▶ [About this exercise]
Every line from the one with "Wicked Aqua Chill" to the one with "Toy Story 3", including those two, is to be copied exactly; all other lines of the entries below are left out.

▶ [Input data]
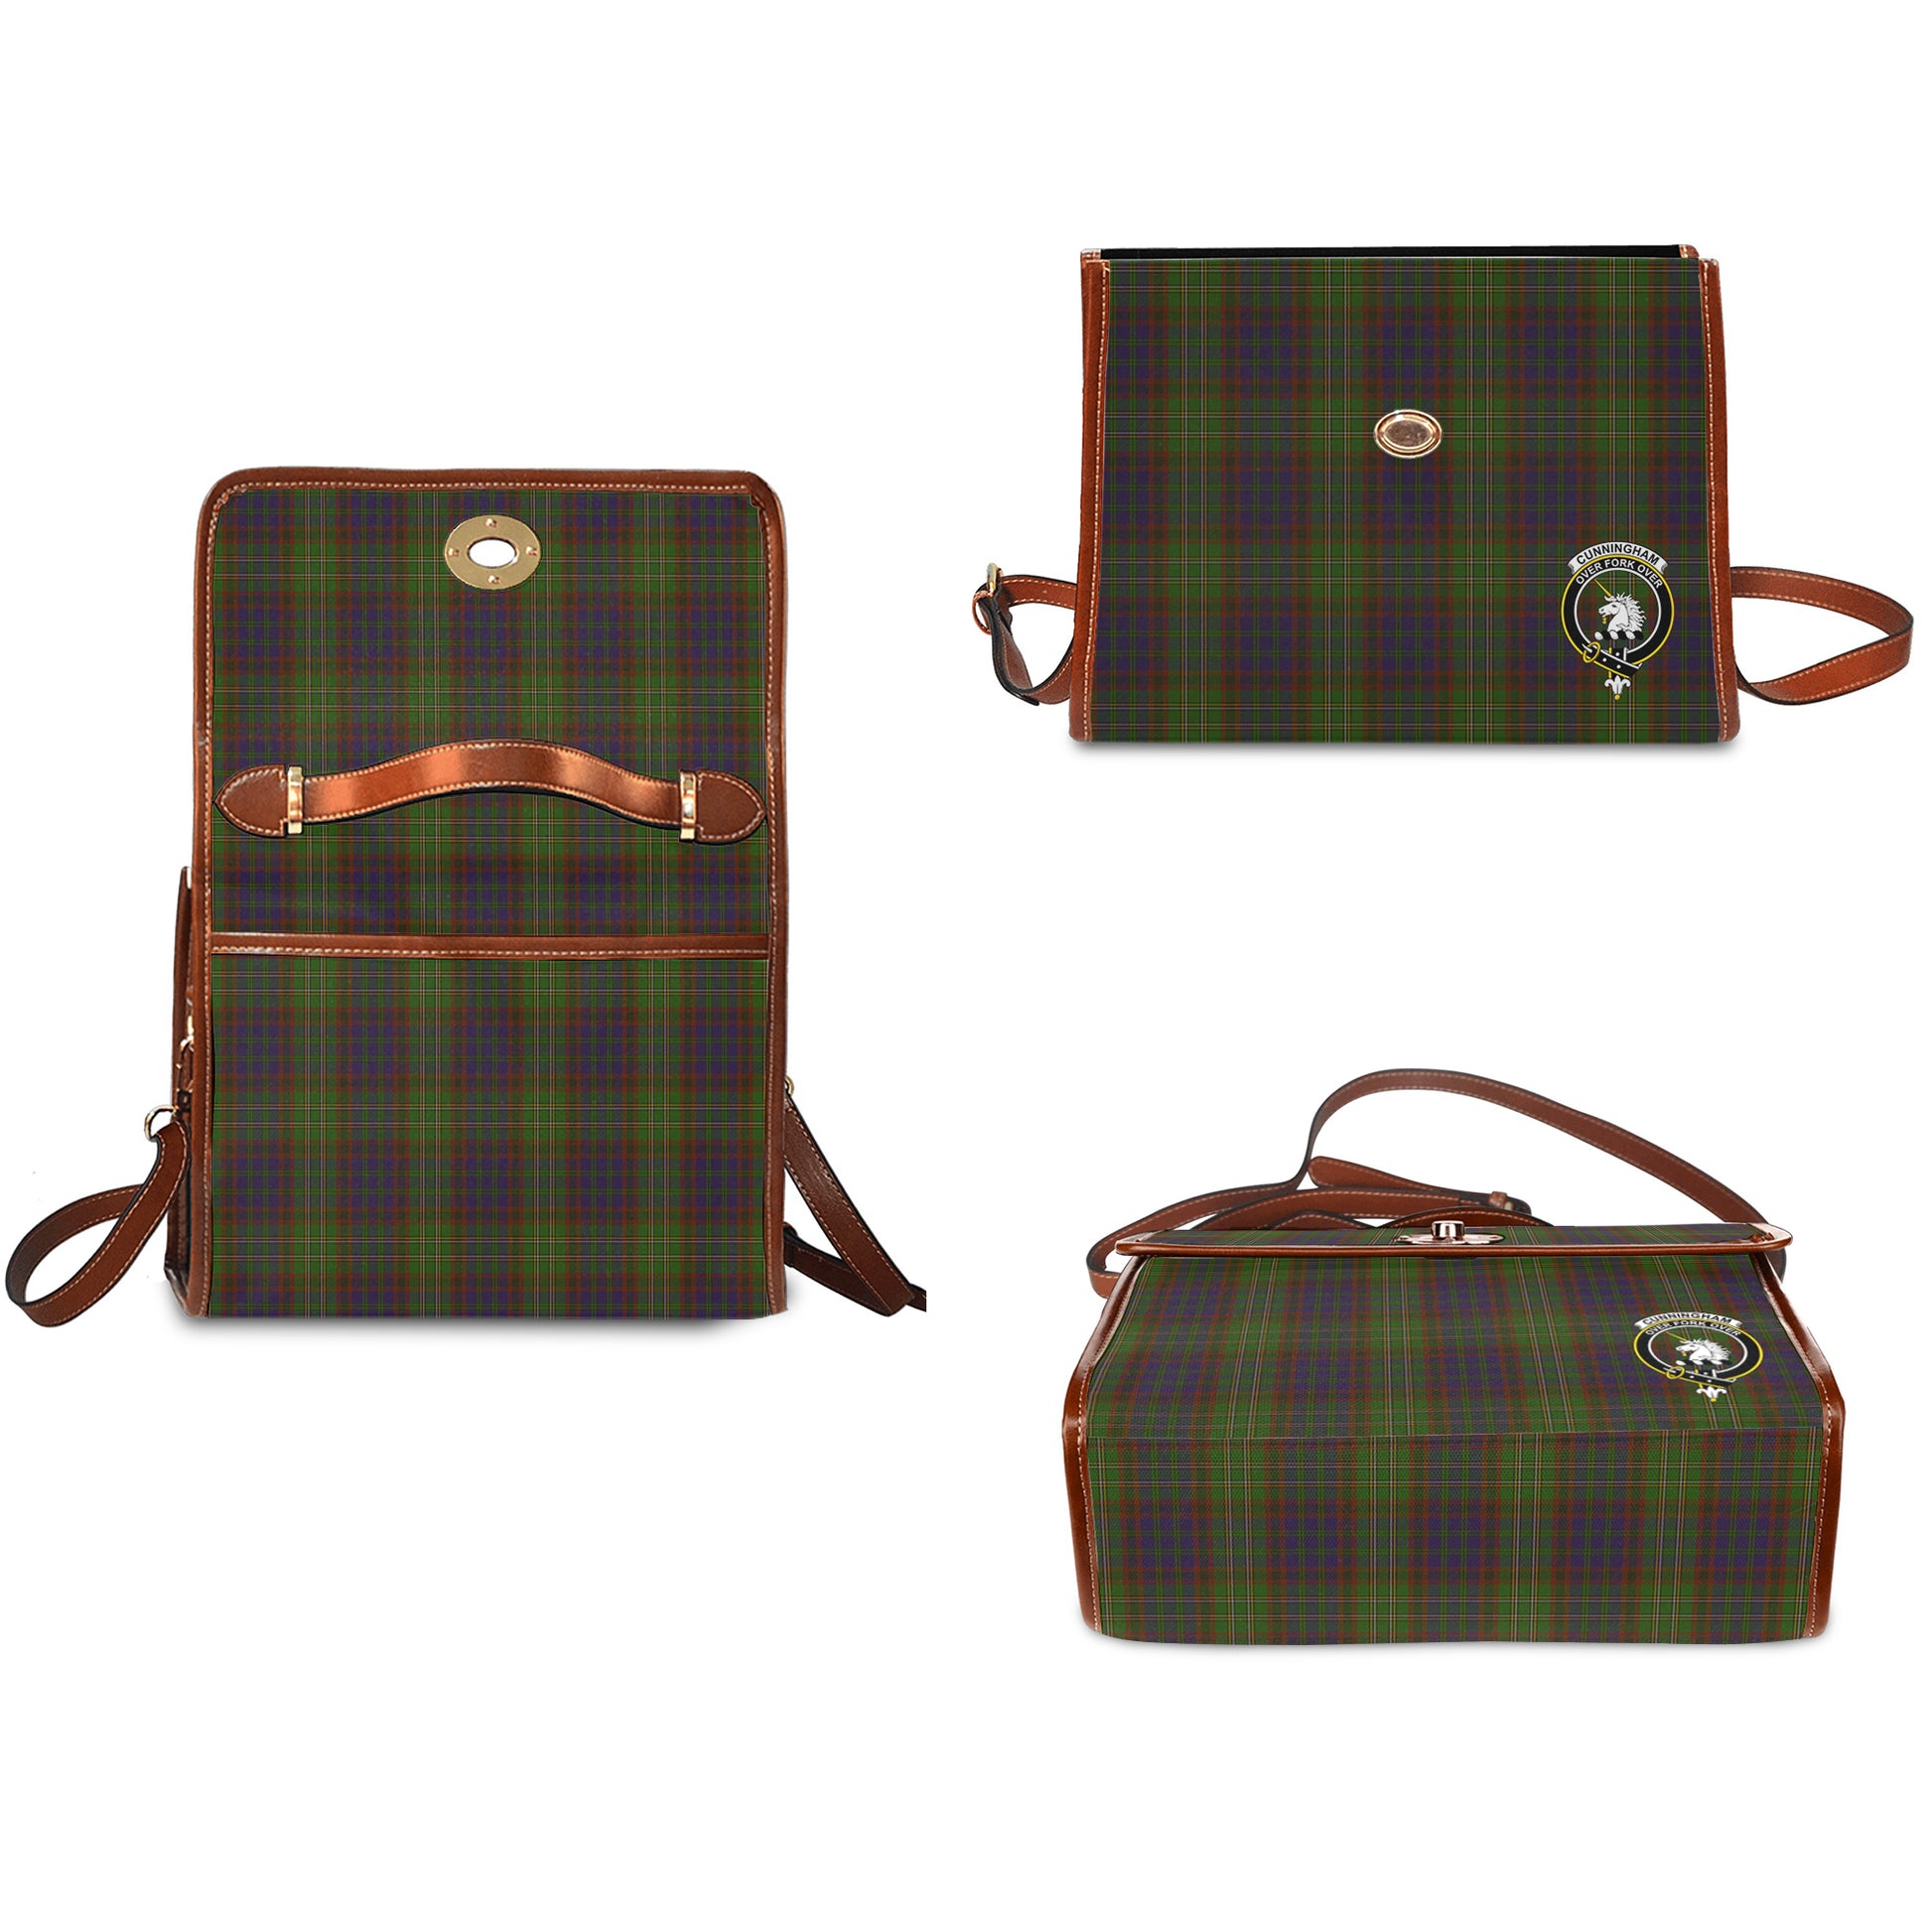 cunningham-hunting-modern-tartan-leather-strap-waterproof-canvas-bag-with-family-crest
...
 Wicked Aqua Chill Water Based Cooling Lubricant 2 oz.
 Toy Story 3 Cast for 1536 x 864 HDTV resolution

▶ [Result]
 Wicked Aqua Chill Water Based Cooling Lubricant 2 oz.
 Toy Story 3 Cast for 1536 x 864 HDTV resolution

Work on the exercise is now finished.